Brief recap: I’ve been using Last.fm to keep track of the music I listen to for over ten years. This has provided me with the oportunity to inspect, analyze and visualize my data in search for patterns and interesting trends. Some of the previous work includes: artists wordclods, map-masked artist wordclouds, polar-plot playcounts over time of day, and artists’ transitions networks.

After playing a bit more with my last.fm dataset, I realized I hadn’t really found any good way to show artists’ playcounts over time. All of the other visualizations I had done before are static snapshots of agregated playcounts, so I became interested in figuring out a way to show the temporal information of the data. This, however, required some thinking and time to develop, as it required compressing a lot of temporal information into a single panel.

Initially, I was thinking of doing some simple scatterplots with dots to mark the times at which artists had been played over time. This wasn’t too bad but the dots overlapped heavily and were not very appealing. After a couple of tests, I figured doing a thin line on every play, with low opacity could do the trick. This turned out to be a good idea, as it made the information more visible and appealing, so I pursued that avenue for the panel.

Dataset Summary

The dataset has been described in some previous posts, so I’ll just summarize the general data acquisition process and some of the improvements that have been done since. The original data looks as follows, where each row represents a song played at some point in time:

The Album Leaf,Into The Blue Again,Always For You,07 Jul 2022 22:25
Houndmouth,Good For You,Ride Or Die,07 Jul 2022 22:22
Blossoms,Cool LIke You,How Long Will This Last?,07 Jul 2022 22:22
The School,Loveless Unbeliever,I Want You Back,07 Jul 2022 22:19
Tennis,Cape Dory,Seafarer,07 Jul 2022 22:16
Caamp,Boys (Side B),Send the Fisherman,07 Jul 2022 21:59

Where each datapoint is stored in the order: Artist, Album, Song Name, Datetime; and the full dataset comprises of 180,000 datapoints.

Last.fm Cleaning Pipeline

Now, there’s some things to take care of on the full dataset like: filtering artists, standardizing datetimes, changing the names of artists for consistency, and removing duplicate entries (something that used to happen sometimes in the past with last.fm):

The Cure,Boys Don't Cry,Boys Don't Cry,2022-07-13 10:45:00-07:00
Better Than Ezra,Greatest Hits,Good,2022-07-13 10:42:00-07:00
Dinosaur Jr.,I Bet on Sky,Almost Fare,2022-07-13 10:37:00-07:00
Pulp,Different Class,Common People,2022-07-13 10:28:00-07:00
Courteeners,Falcon,The Opener,2022-07-13 10:22:00-07:00
The Smiths,Essentials,Panic,2022-07-13 10:20:00-07:00

After this step, I ended up with around 165,000 data entries.

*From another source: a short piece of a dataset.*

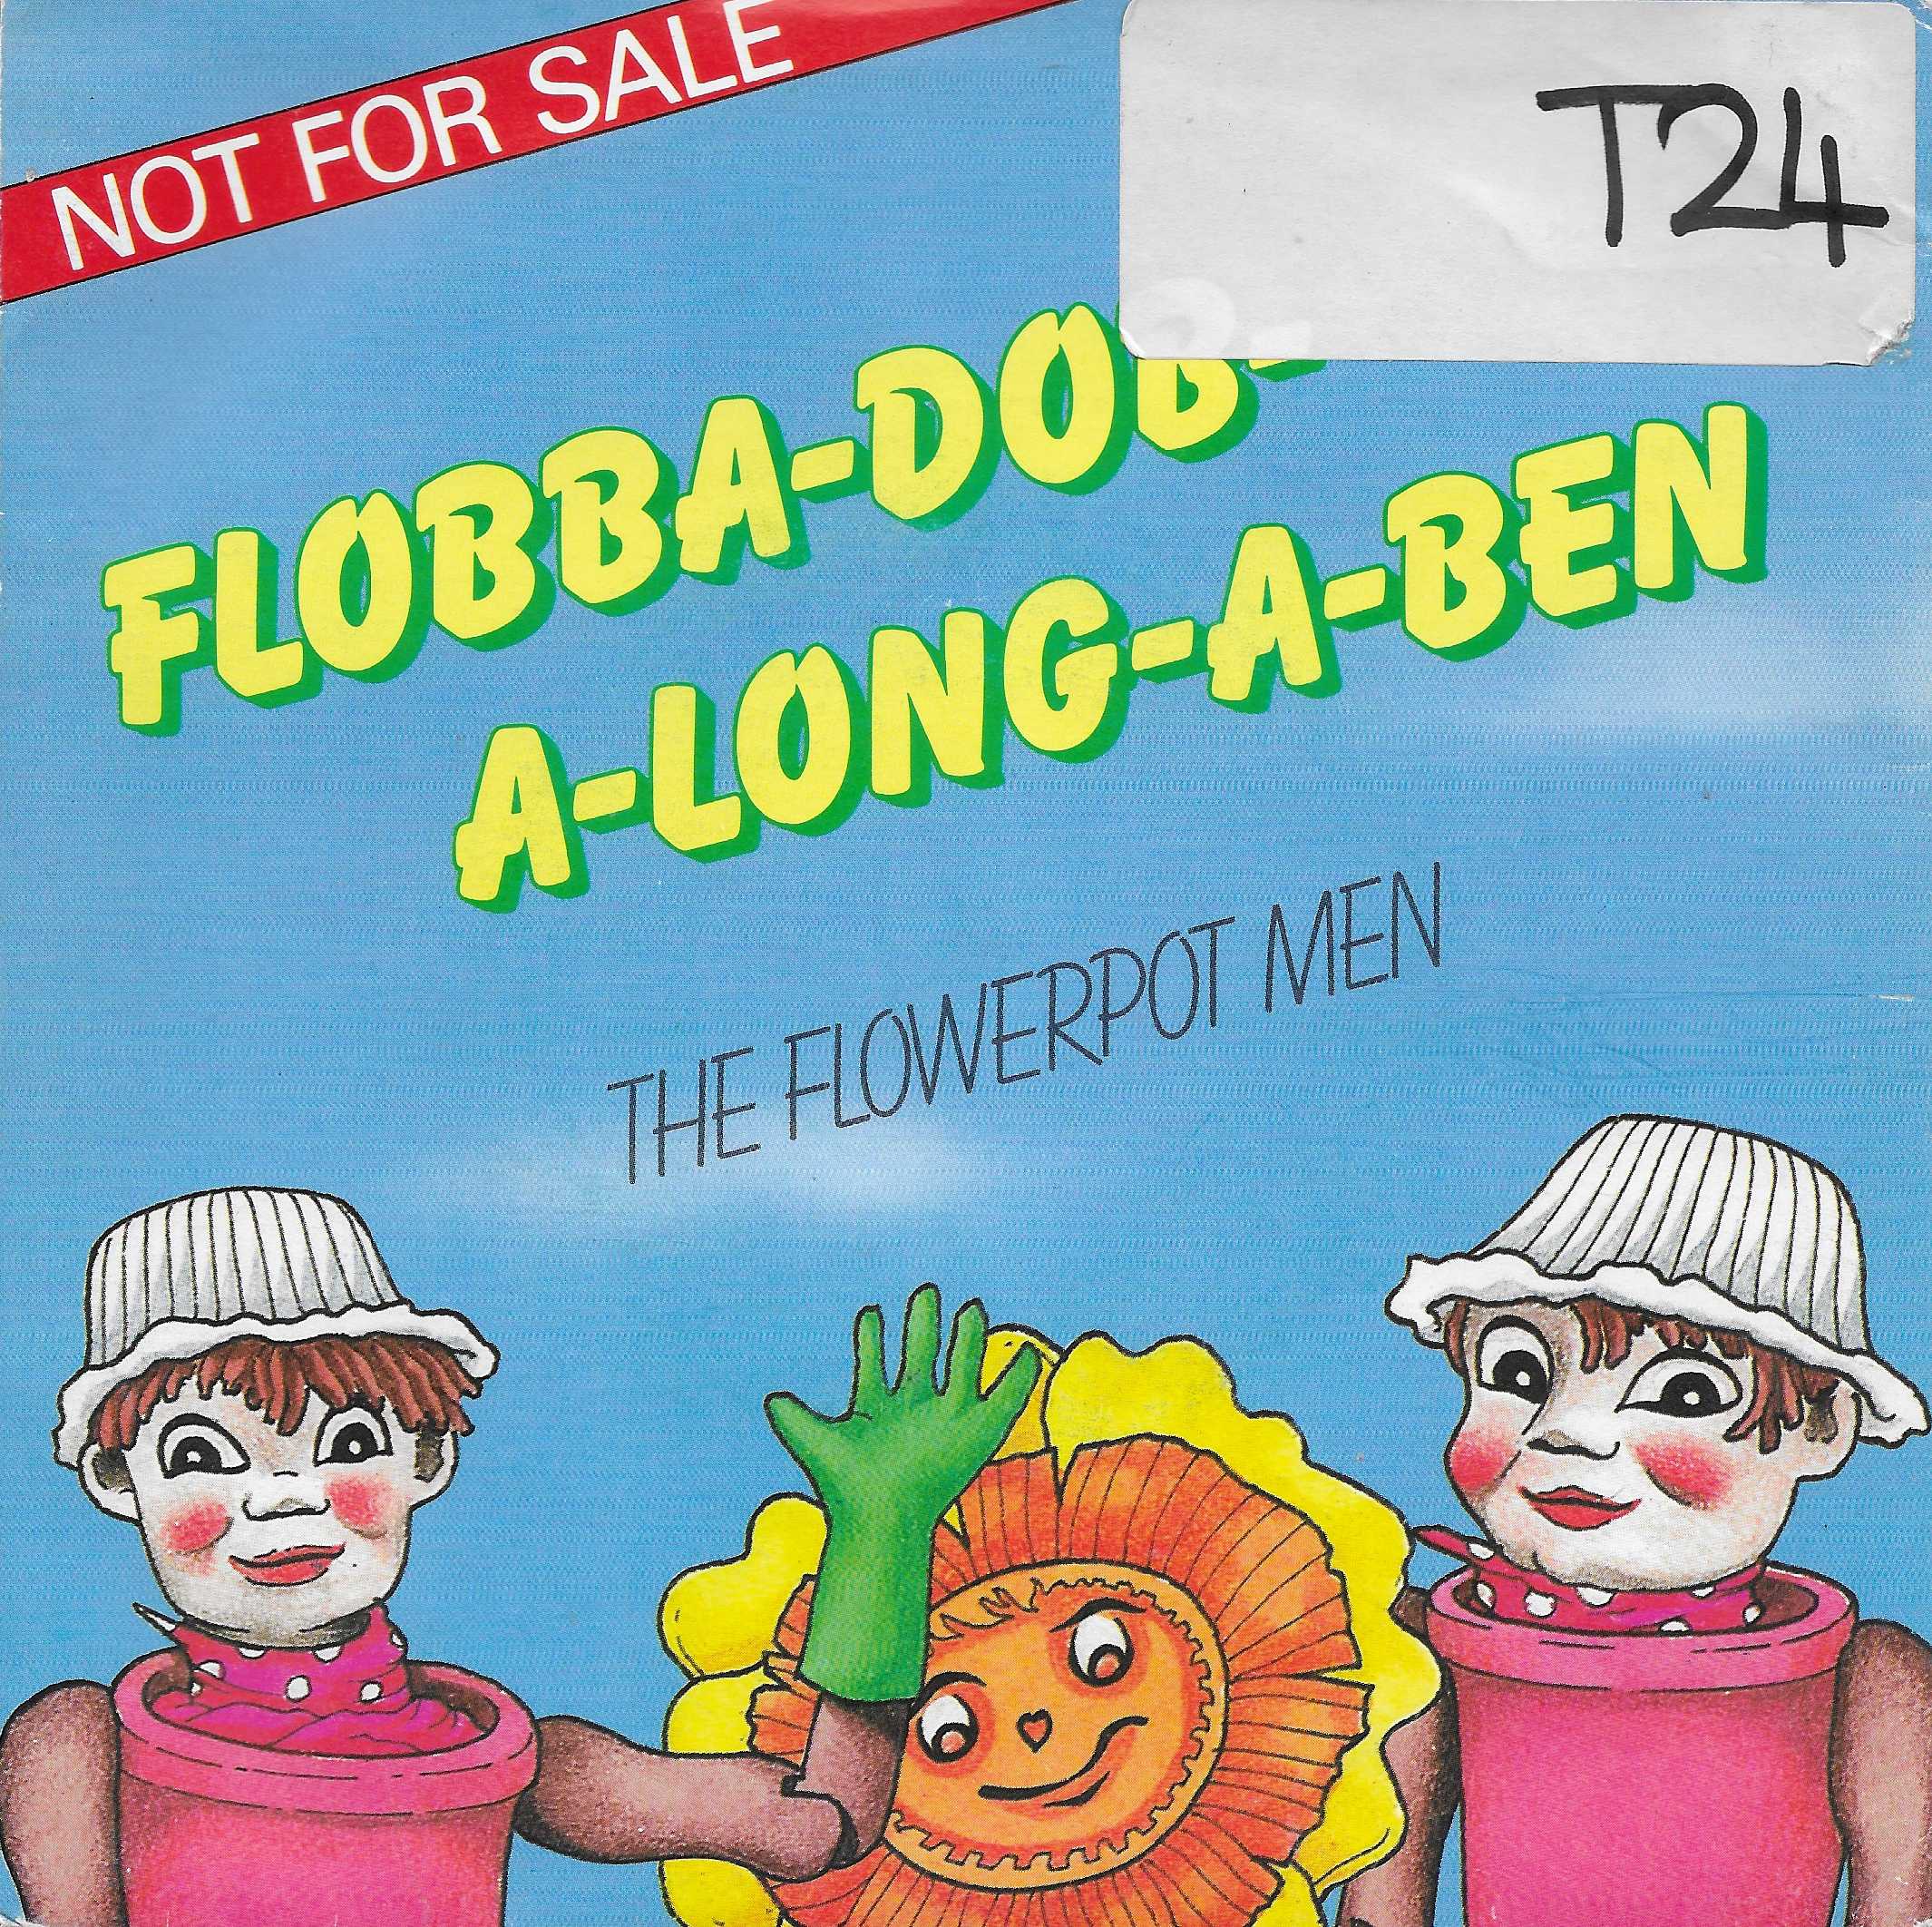 Picture of FLOB 1 Flobba-Dob-A-Long-A-Ben (The Flower Pot Men) by artist Grahame Lister / John OConnor from the BBC singles - Records and Tapes library

Musicbrainz Artist Info Download

Although the information compiled on the last step would be enough for this application, I am downloading the artists’ data as follows:

Pulp,GB,Sheffield,76b2e842-5e85-4c97-ab62-d5bc315595b5,britpop,alternative rock,indie pop,53.3806626,-1.4702278,United Kingdom,England,Sheffield City Region,Sheffield,,
Queen,GB,London,0383dadf-2a4e-4d10-a46a-e9e041da8eb3,rock,hard rock,british,51.5073219,-0.1276474,United Kingdom,England,Greater London,London,,
R.E.M.,US,Athens,ea4dfa26-f633-4da6-a52a-f49ea4897b58,alternative rock,pop rock,rock,33.9597677,-83.376398,United States,Georgia,Athens-Clarke County,Athens-Clarke County Unified Government,,
RPA & The United Nations Of Sound,GB,,c6eb5beb-fd73-46dd-9f5a-5d36a26ab8a3,,,,54.7023545,-3.2765753,United Kingdom,,,,,
Ra Ra Riot,US,Syracuse,d8f63b51-73e0-4f65-8bd3-bcfe6892fb0e,indie rock,baroque pop,,43.0481221,-76.1474244,United States,New York,Onondaga County,City of Syracuse,,
Radiohead,GB,Abingdon-on-Thames,a74b1b7f-71a5-4011-9441-d0b5e4122711,alternative rock,art rock,rock,51.6714842,-1.2779715,United Kingdom,OX14 3UJ,England,South East England,Oxfordshire,Vale of White Horse
Ramones,US,New York,d6ed7887-a401-47a8-893c-34b967444d26,punk rock,pop punk,rock,40.7127281,-74.0060152,United States,New York,City of New York,,,

Where each row is an artist found in the data, and it’s information is stored as: Artist Name, Country Code, Region, Musicbrainz ID, Genre 1, Genre 2, Genre 3, Latitude, Longitude, Geo-info...

Amend Dataframe Names

Finally, one of the things I wanted to fix from the previous version was to amend the artists names in the dataset with the ones downloaded from Musicbrainz. To do this, I used the Levenshtein distance between the names of all the entries of the dataset, and the names present in the Musicbrainz parsed info as seen of this snippet of code:

artsMB = sorted(list(DTA_MBZ['Artist'].unique()))
replacements = {}
for art in arts:
    dists = [levenshtein_distance(art.lower(), mbArt.lower()) for mbArt in artsMB]
    replacements[artsMB[dists.index(min(dists))]] = {art}
DTA_CLN = aux.replace(DTA_CLN, replacements, ('Artist', 'Artist'))

CodeDev

The code for this project was not too complicated, although it did involve heavy tweaking of the parameters to get the looks right (specially the labels, line thicknesses and colors).

Time Info

To set the ranges of the plot, both the minimum and maximum dates were obtained from the dataset:

(to, tf) = (min(DTA_CLN['Date']), max(DTA_CLN['Date']))
daysTotal = (tf-to).days+1

Additionally, one of the things that had to be slightly changed was to that instead of using the datetime object of each entry in the dataset, it had to be converted to a timedelta one with an increment size of a day. This wasn’t too difficult, and was added into the dataframe as follows:

dteCpy = DTA_CLN['Date'].copy()
DTA_CLN['Interval'] = pd.to_datetime(dteCpy, errors='coerce', utc=True)
DTA_CLN['Interval'] = DTA_CLN['Interval'].dt.tz_localize(None).dt.to_period('D')

Counts Array

The original dataset is in a dataframe format, but as we will iterate through all artists and all intervals of time, it’s worth transforming everything into an array. We initialize our data structure in with a artistsNumber x daysRange size filled with zeroes as follows:

artists = list(A_TOP['Artist'])
countsArray = np.zeros([len(artists), daysTotal], dtype=np.uint16)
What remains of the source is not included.